Однако отклонения, как и нарушения, легко систематизировать, опираясь на тип нарушения. Самое простое — это опереться на метаплазм, то есть изменение в звуковом слова без изменения значения [Encyclopedia p.270]: «ма-аленький», «здрасьте» и т.п. Как в можно добавлять, опускать или переставлять звуки и буквы в слове, так и в речи можно делать то же с целыми словами. Это и дает наиболее известные и распространенные в России и за рубежом классификации фигур [Plett; Bu­ßmann; Гаспаров] классификации фигур, где наличествуют фигуры прибавления, убавления и изменения (наиболее логично — инверсии и разрыва). Кроме того, выделенные таким образом фигуры удобны тем, что они могут быть соотнесены и с композицией текста в целом [Lausberg, s. 308 ]. Так, кольцевой повтор может определить композицию целого текста.

Открытым остается главный вопрос: зачем нужна эта классификация? 

Классификация, несомненно, удобна и, видимо, телеологический ее смысл к этому удобству и сводится: возникает возможность дать более или менее закрытый список синтаксических явлений, который в наши дни можно назвать и системой на том основании, что элементы этого списка находятся между собой в кристально ясных логических отношениях.

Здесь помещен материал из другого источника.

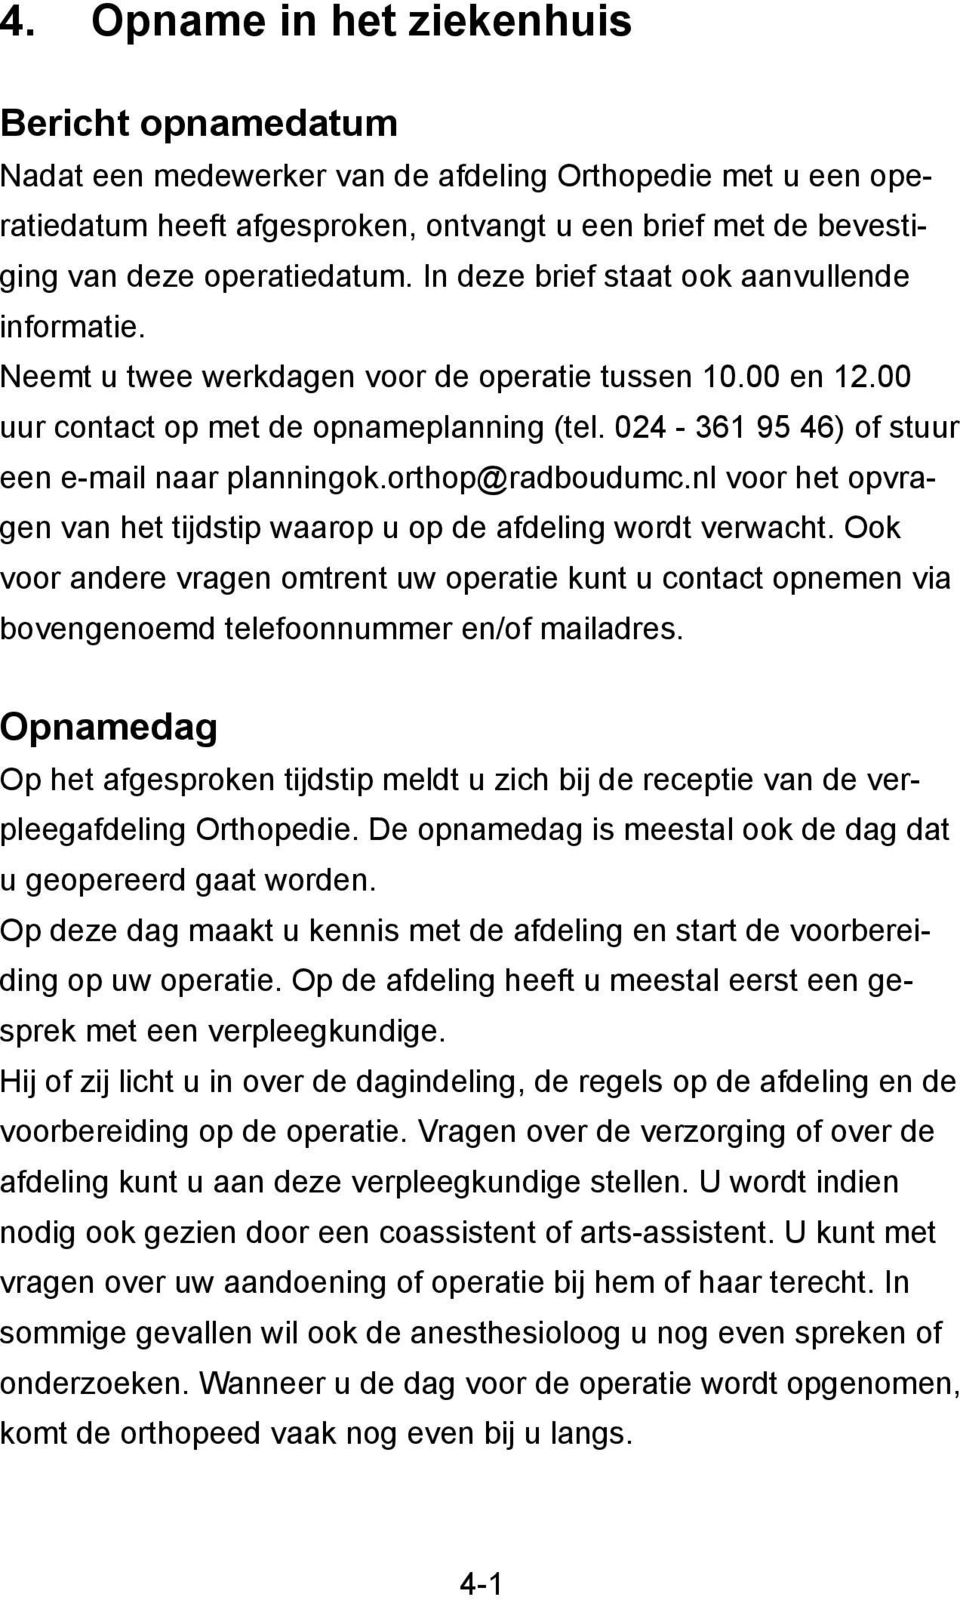 024-361 95 46) of stuur een e-mail naar planningok.orthop@radboudumc.nl voor het opvragen van het tijdstip waarop u op de afdeling wordt verwacht.
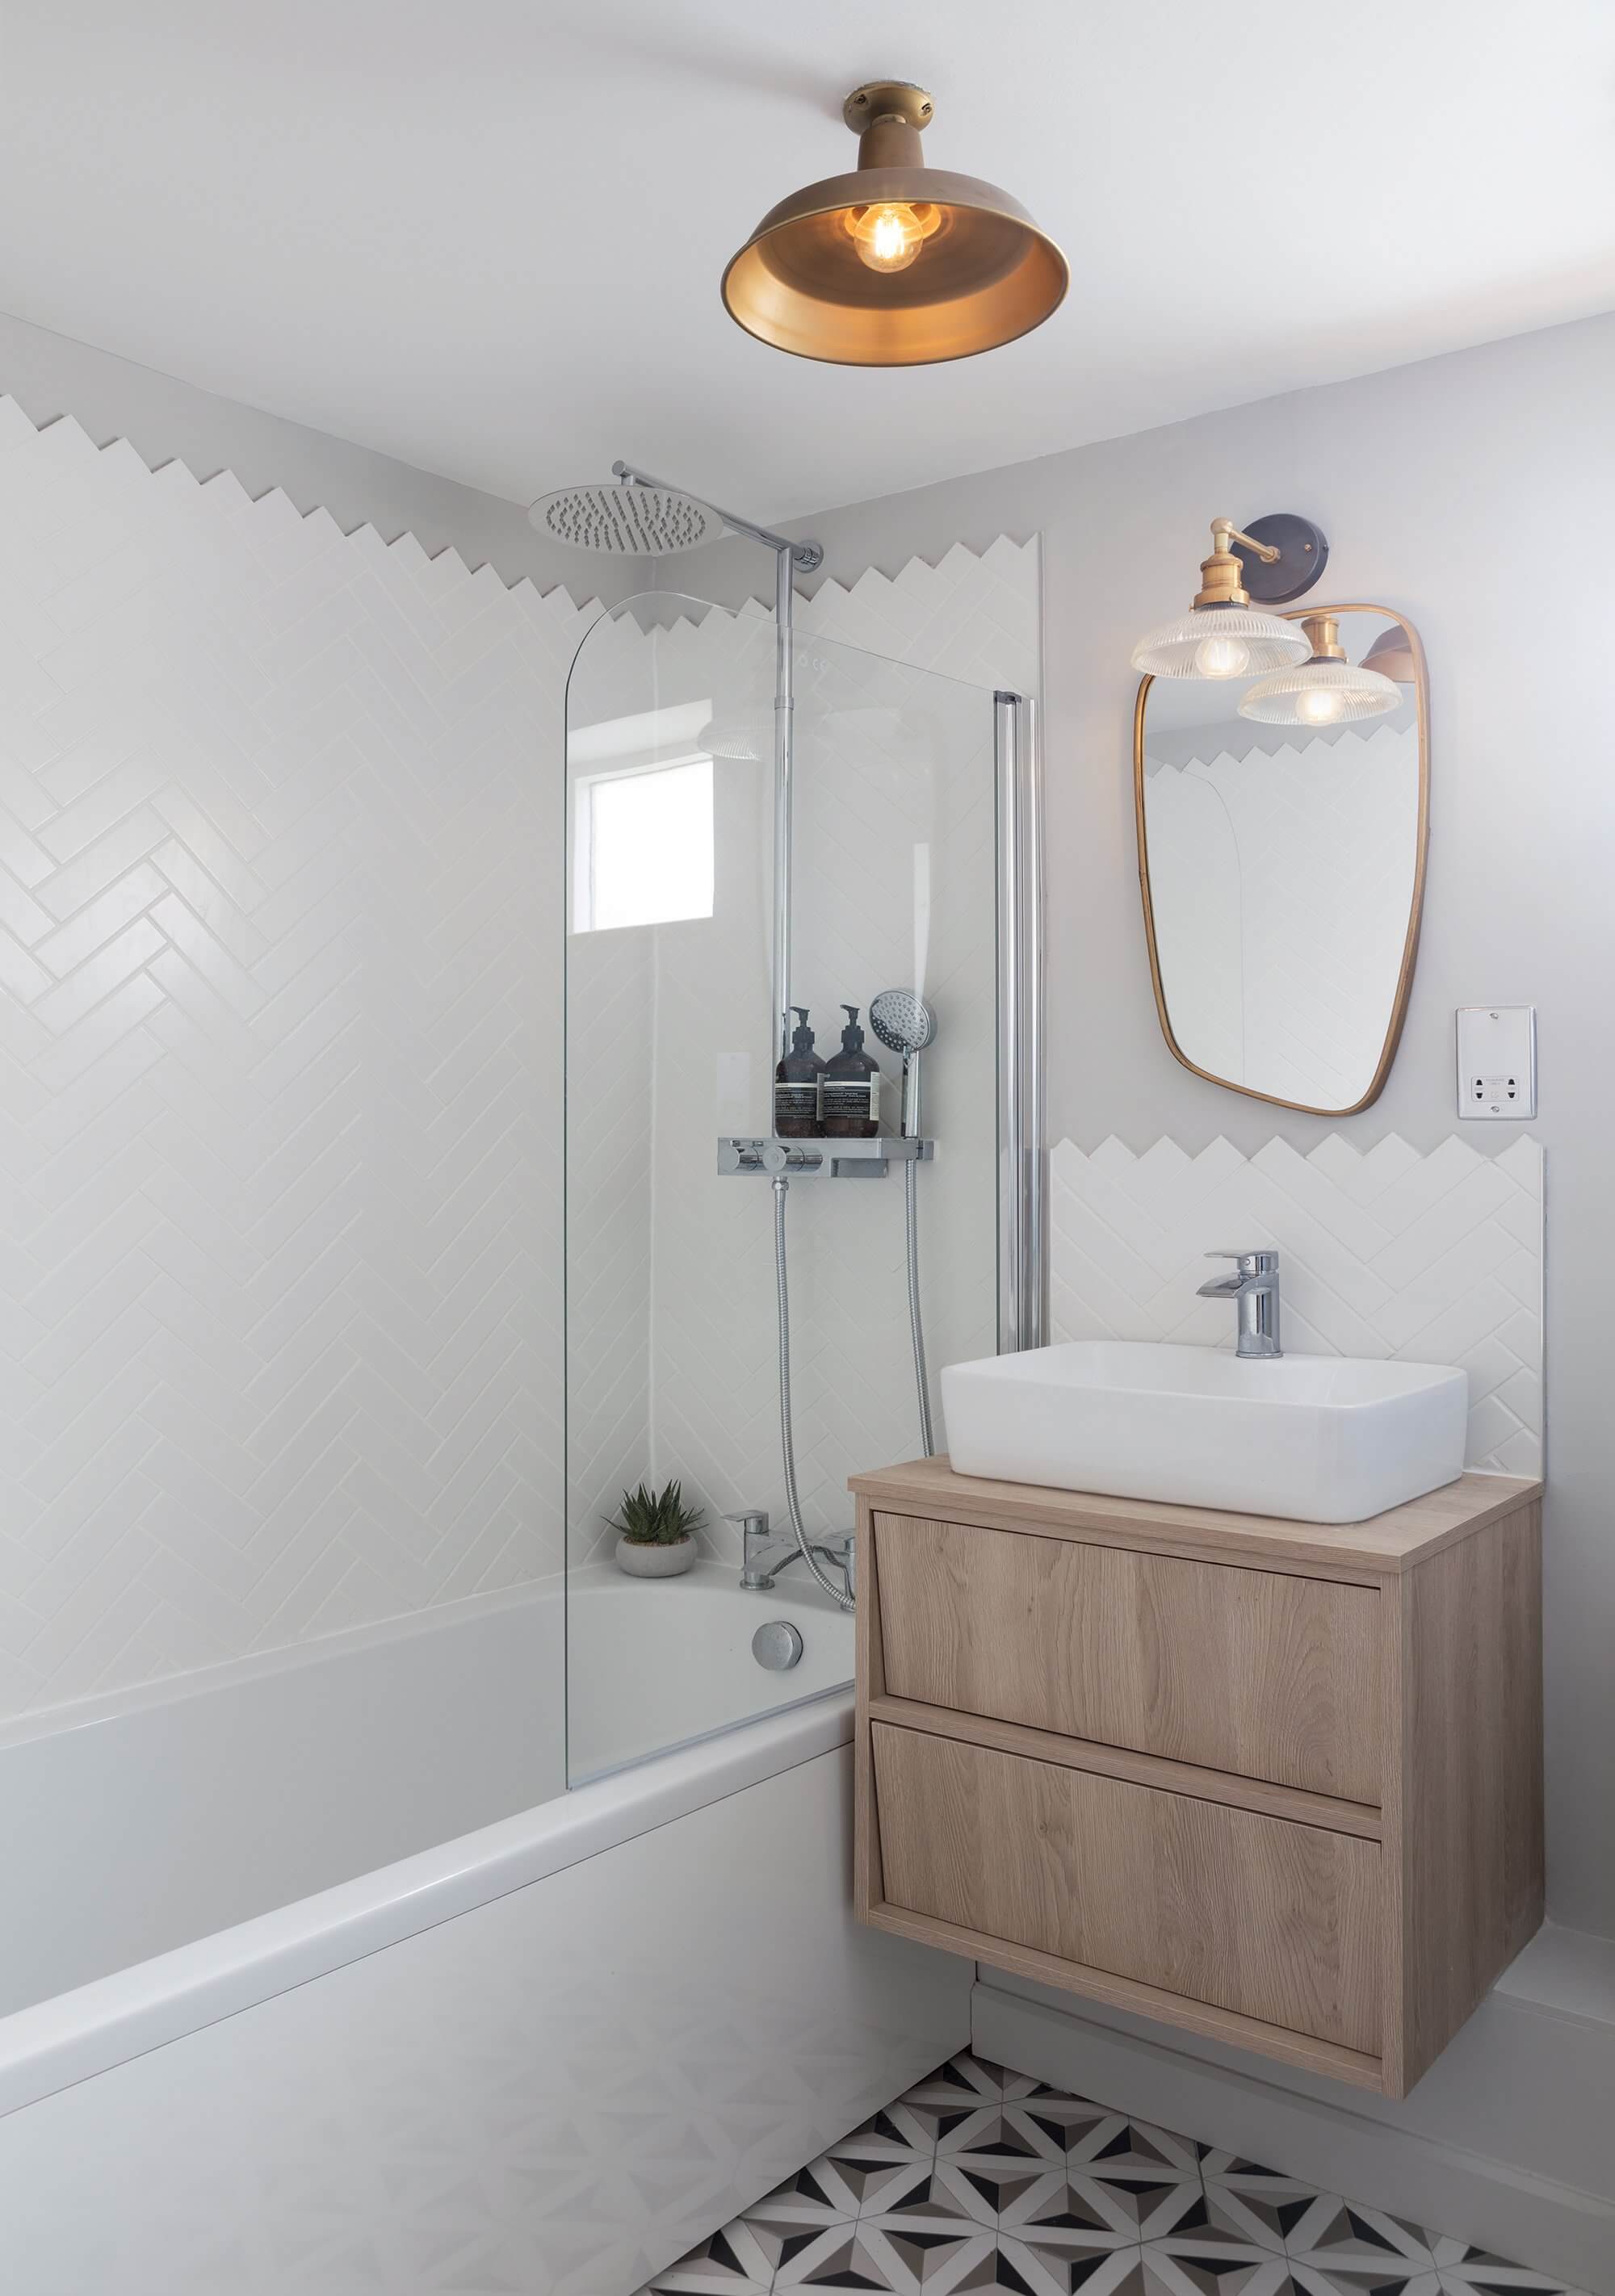 Bathroom scheme by interior designer Shanade McAllister Fisher

В этом смысле можно приветствовать и классификацию, основанную на аналогиях с действиями арифметики [20]. Тропы чаще всего в эту классификацию не входят, но сами они являют логически образцовую систему (особенно в работах Якобсона [Jacobson]) и мыслятся как субституция, а не как «поворот»: прямое значение заменяется переносным, а последнее в свою очередь образует простой набор возможностей.  

Критикуя соблазн идти вслед за метаплазмом, современный исследователь И. П. Москвин [11, с. 53] предлагает свою классификацию, также основанную на нарушении нормы, но нормы скорее коммуникативной, чем языковой, то есть речь идет не о грамматически девиантных формах, а девиациях в форме самого общения. За точку отсчета автор берет известные постулаты Г. П. Грайса [6], воплощающие именно коммуникативную норму, и качества речи, образующие наименования тех зон, где происходят отклонения. Например, в этом плане может быть рассмотрена намеренная краткость речи или, напротив, намеренная пространность. В самом деле, следует беречь время адресата речи. Руководствуясь этой нормой редакторы одно время объявили такую суровую войну с любым намеком на плеонастичность, особенно с иллеизмами, что пушкинское «Товарищ верь, войдет она, звезда пленительного счастья» должно было восприниматься как солецизм. Кстати, солецизм, что отмечал ее Квинтилиан, вообще трудно отличить от фигуры, а если описывать их через отклонение от коммуникативных норм, это будет сделать еще трудней.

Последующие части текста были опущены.